锦漫城大军终究还是没有打到皇城就被腰斩。羽罹被关押鼠狱,锦漫城归于天尊城名下。原本连轩的意思是让羽霜去管,却被拒绝。羽霜不仅不想多管一个,甚至连天羽城的事情也不想参与了。
他就像当年刚刚上位刺圣者的时候,没有人服从他,只是迫于权威不得不听从他的安排。羽菲就更不用提,原本年纪小,血统也不纯,任由小姑娘前面说,后面的人就是不听。
正巧连轩提起这个事,羽霜便和他相向而坐。
“天羽城的事,陛下有什么安排?”
“刺圣者不是管理得挺好么?”
“好吗?”羽霜嗤笑一声。“每天夜里都提心吊胆怕被暗杀的日子也算好吗?”
连轩默然,半晌过后才缓缓开口。“你的意思是不想再当城主了?”
“做梦都想卸任。天羽城人也死得差不多了,这事该翻篇也该翻篇了,是时候直面一下了吧?”
“我本想着让你和羽菲一起管的。”
“得了吧,那小姑娘的话更没人听了。”
“我来管。”
羽霜抬眸盯着连轩,半晌不紧不慢道。“我之所以暂时管理天羽城,目的是什么您不清楚吗?”

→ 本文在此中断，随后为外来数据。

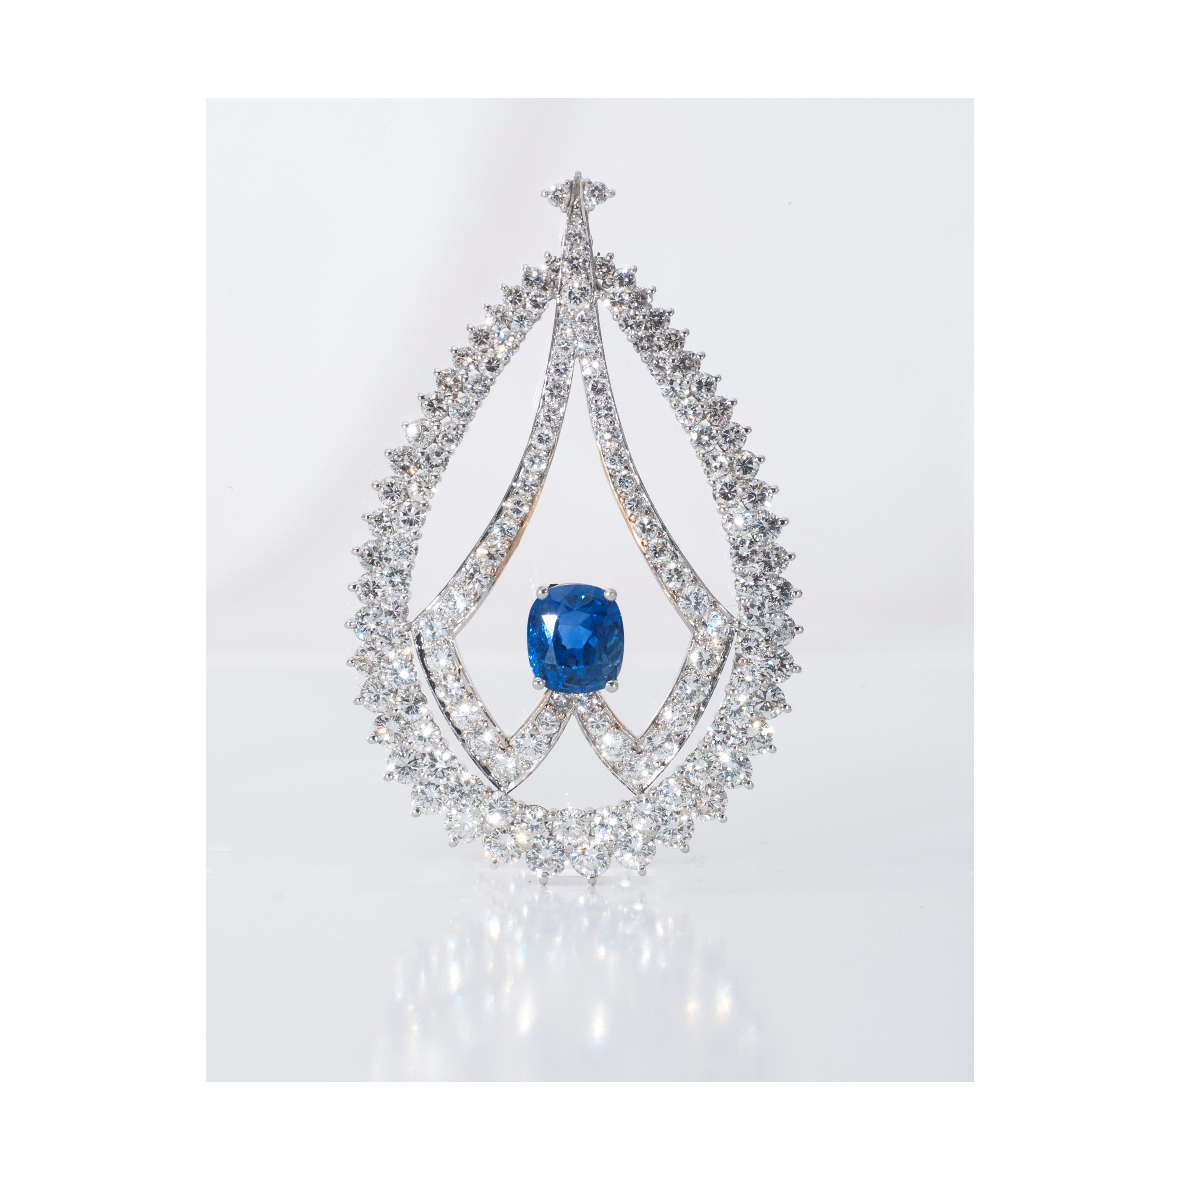 A large sapphire diamond pendant

羽霜不卑不亢,连轩无话可说。他本意也不是吞并天羽城,这个时候将天羽城强行归于天尊城名下,羽霜羽菲就算没话说,也架不住一波又一波民众起义。据不完全统计,到目前为止,天羽城民众起义大大小小已经闹了上百次,难怪羽霜会心力交瘁。
羽霜都如此,羽菲更不必提。
“我原本也无意吞并天羽城。”连轩道。“不能强制统一,你又不想亲自管理,那么就只剩下一个办法,分权。”
羽霜半眯起眼。“我也是这么想的。”
连轩当即吩咐属下。“传令下去,天羽城大民前十迅速赶来金禅殿。”
大名这个东西,不止是当官当权者才能上榜的,只要综合实力足够强,就能榜上有名。不多时,十位大名便匆匆赶来,当权者五位,归隐一位,经商两位,其他两位。
在连轩讲完之后,十人分别表态,最后只剩下五位当权者和一位经商者表明愿意参与天羽城的城主团。
羽霜和羽菲是没有算在其中的,因此连轩便为两人单独保留了一份权力。天羽城从此七分权威,羽霜卸任,此后很久关于羽霜和羽菲的权力,都由羽菲一人代理。象征着城主团的标志是一片羽翼,这样的图案被做成七枚戒指,佩戴在城主团七人手上。
天羽城相关事宜终于忙完之后,羽霜突然想起鼠狱里还关着一位天羽城颇有名气的大名,羽罹。